Condoleezza Rice, Director, Hoover Institute

We write with regard to the fact that Mr. K. Rupert Murdoch is a member of the Hoover Institute’s Board of Overseers. Given that Provost Drell and Director Rice have stated that they intend “increased interaction” between the University and the Hoover, we address both the Director of the Hoover and the senior administration of the University, as well as the chair of the Board of Trustees, who serve as stewards of Stanford University.

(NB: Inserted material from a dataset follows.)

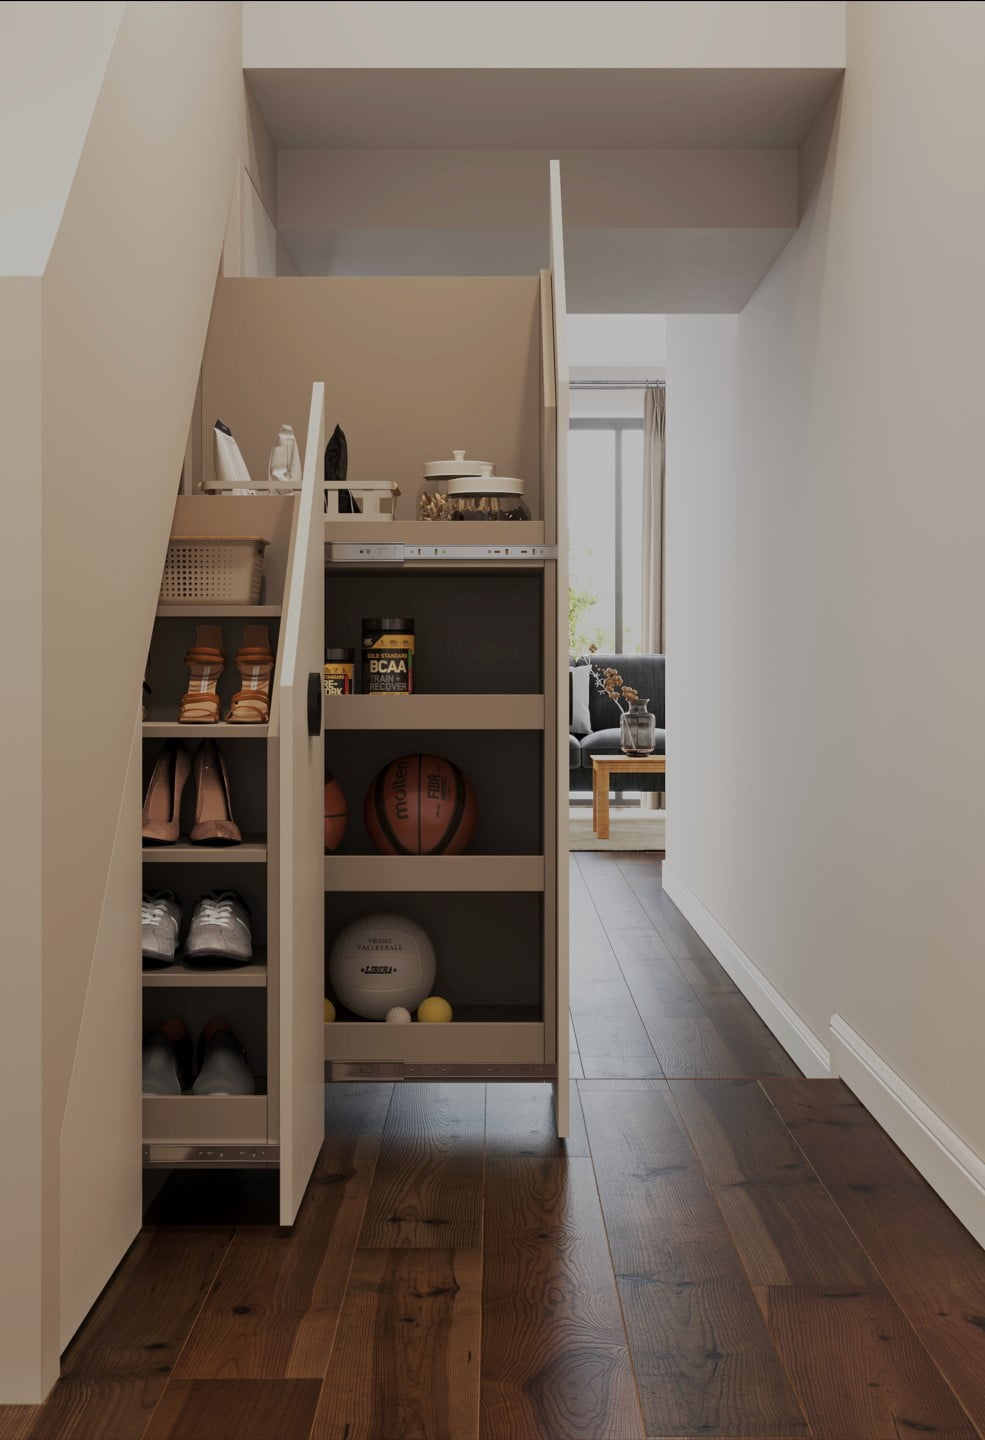 20 Best Under Stair Storage Ideas - What to Do With Empty Space Under Stairs

We are alarmed that Mr. Murdoch, chairman of Fox News, has facilitated the spread of lies with regard to the 2020 election. Recent information emerging from the lawsuit brought against Fox by voting machine companies Dominion and Smartatic show that Fox News anchors knew the information they were broadcasting to the American people was untrue, yet they repeated these lies over and over again, seeking to increase Fox’s market share and to profit off these lies.

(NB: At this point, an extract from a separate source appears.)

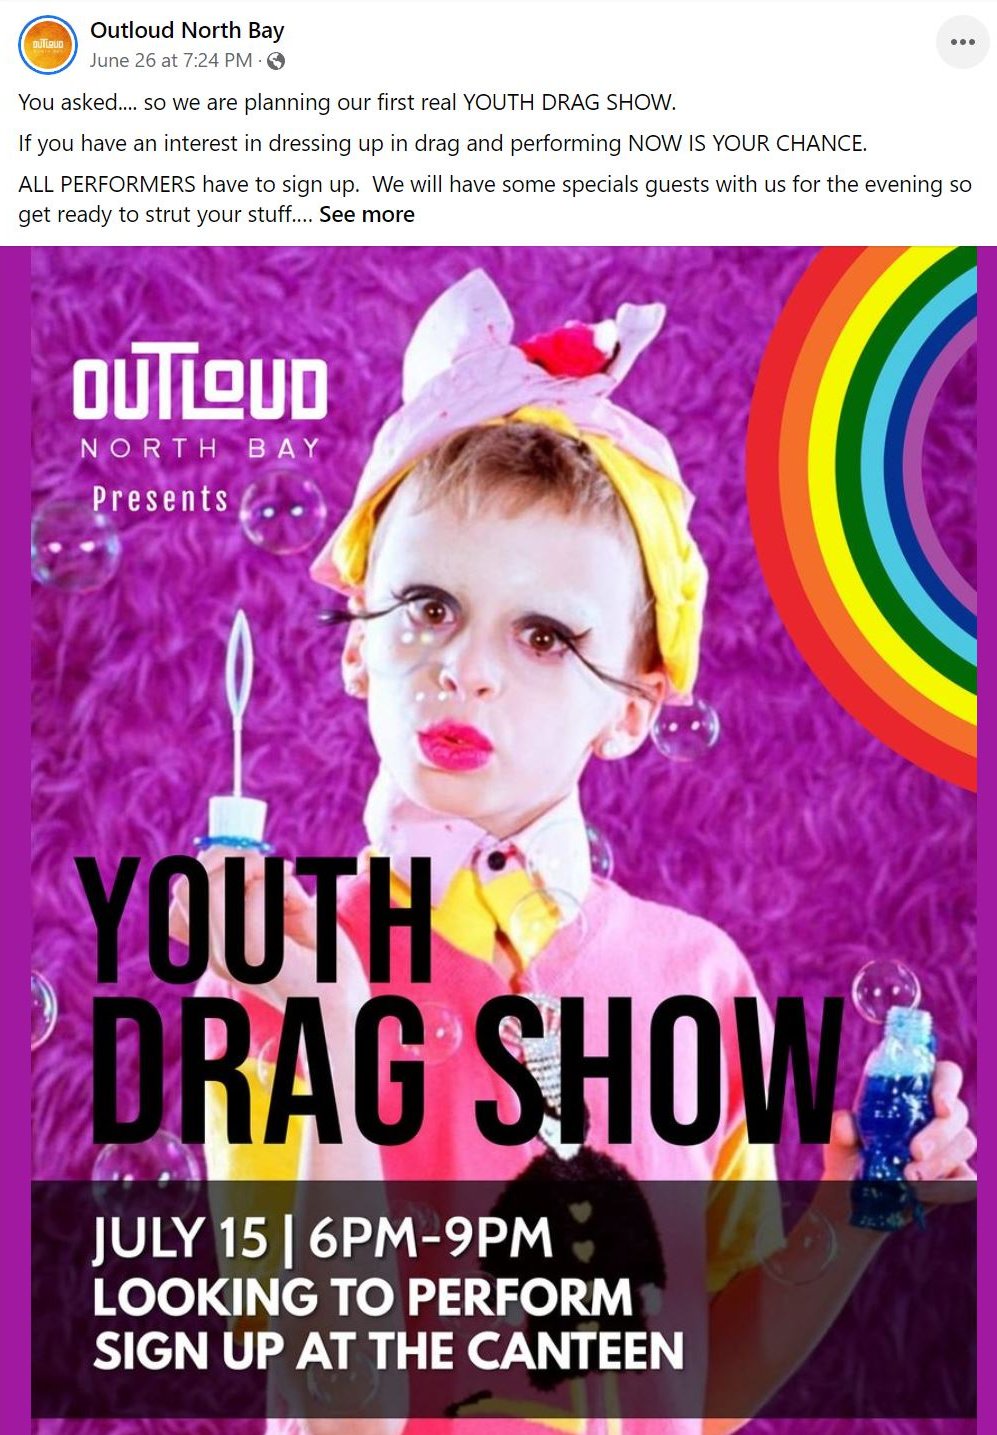 youthdragshow.jpg

Crucially, these were not just any lies — the misinformation purposefully spewed out by Fox fueled the Insurrection and continues to form the basis for extremely dangerous beliefs that can, as we now know, translate into catastrophic actions, which include death and real threats to the democratic process.

Murdoch’s role in this scandal is clear. Fortune Magazine notes:

Rupert Murdoch acknowledged that he didn’t stop various Fox News commentators from promoting unfounded claims from Trump allies that the election was stolen, even though he could have. He also acknowledged that some of the network’s hosts — Lou Dobbs, Maria Bartiromo, Jeanine Pirro and Sean Hannity — at times endorsed the false claims.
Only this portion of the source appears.